SPEAKER_01I mean, probably around one to two hours, something like that. Um so but I still think that it's it's too much. I I think that Um, it's good for some things. I mean, we get like a lot of inspiration and see what other people are outbuilding, but you also get like a lot of inputs, right? So I mean you have to be very cold or yeah, have a like a cold mind and and not um and not try and and apply everything to yourself and do everything that that everyone is doing.
SPEAKER_00I'll ask you a last big question because you did it really fast. So I would like to know like what will be the playbook that you will use today like to actually do it again and without all the mistakes that you did, even if you probably didn't do a lot of mistakes from like finding an ID, building a prototype, and distribution.
SPEAKER_01Well, I think there's sub there's something like very important, which is like you have to like you have to hit it with um with an idea that that actually grows, right? Uh and not do like reinvent the wheel or something very difficult. Um so I would probably just pick something that's working um and try and do it better, right? Uh I see someone that's growing a company that's um maybe really big, um that already have uh that I can build an alternative to, right? So I I don't have to build a market for it. Because if I try to build a company from scratch, something very innovative, well, uh I'm sure it's possible, but for me it would be very, very difficult to do, right? So I would just pick something that I know I'm I like um because I I would like to enjoy it, and then something that I could build myself and that it already exists. So um so then well, then I would just do the same, right? Start running at CSA1, build a team as fast as I can, because at least I can start um relying also on other people and and not only on on myself. Um and then I think everything becomes easier uh when you have like a good team and and you don't have to like do everything uh yourself.

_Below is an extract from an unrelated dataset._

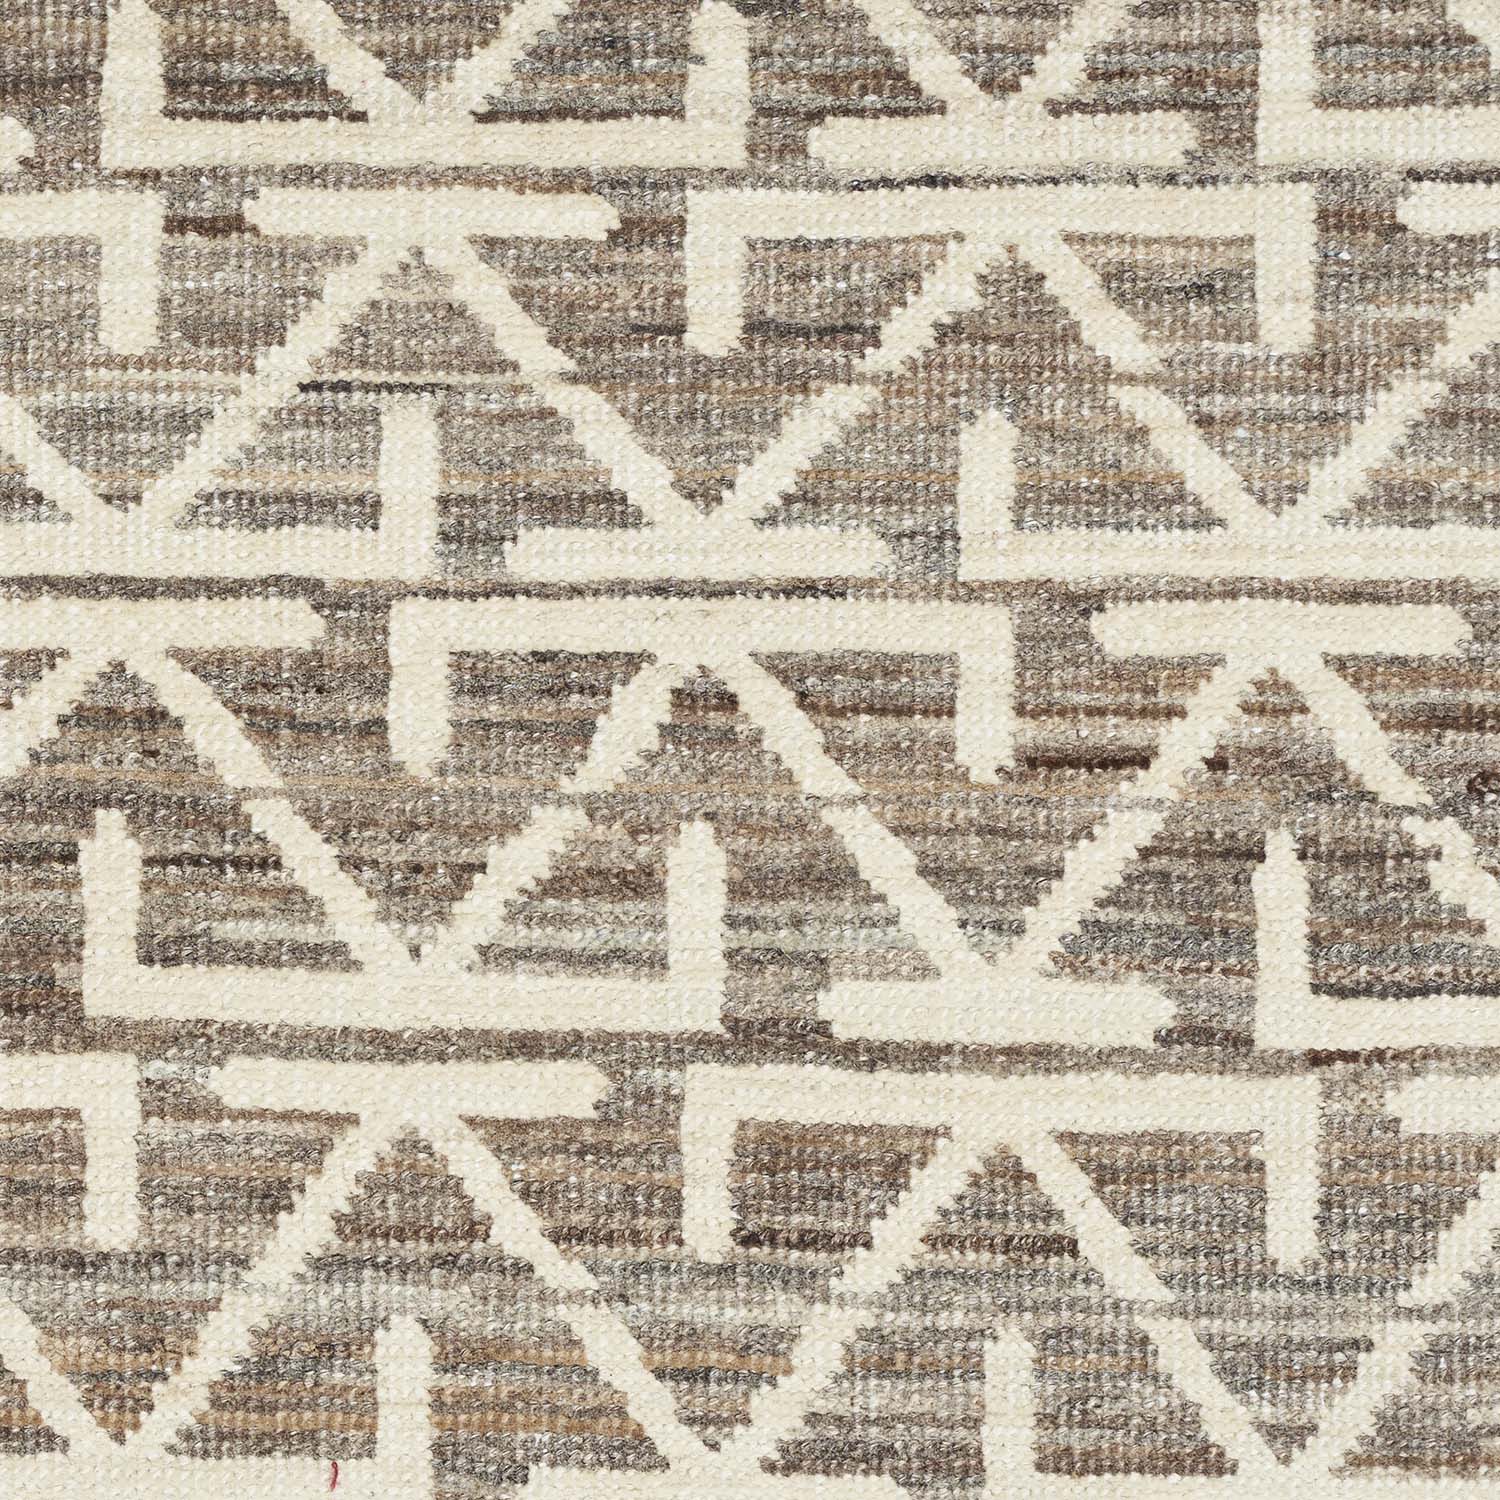 Close-up of a cream geometric patterned fabric or carpet texture.

SPEAKER_00Is there a last thing that you would say to someone who maybe is watching right now and want to start and is hesitating or is struggling? Like you've been at the beginning, you didn't make it straight away. So what will you tell to this person?
SPEAKER_01Well, I think it's it's very clear, She's just time for it. Uh I think that uh well we see it all the time, right? Um, people that but while you're building, you're doing things, and and sometimes that they don't stick. Um, but yeah, if you try long enough, I'm sure that um you'll you'll find something that that works. And and another thing, I another thing I would say is um just don't get like don't get um just keep doing like the same thing, but try and iterate very fast, right? It's not a problem to just keep throwing things in the trash, but you have to try as much things uh as possible as possible for for them to to to work, right? Sometimes you are just trying something that just there's no market for it and no one needs it. Or maybe uh everyone needs it, but you can monetize it or something like that. Just try and iterate and do as many things as possible. Something will will stick, and then you then you can focus on it, but not before, right? Like for us, we were doing two, we started third projects, they were not growing uh or or working as much as we would like. So we started trying things and and then we focused on on certain.
SPEAKER_00Well, Mickey, thank you for your time, and I will get you when you eat 10 million a year. Thanks for having me.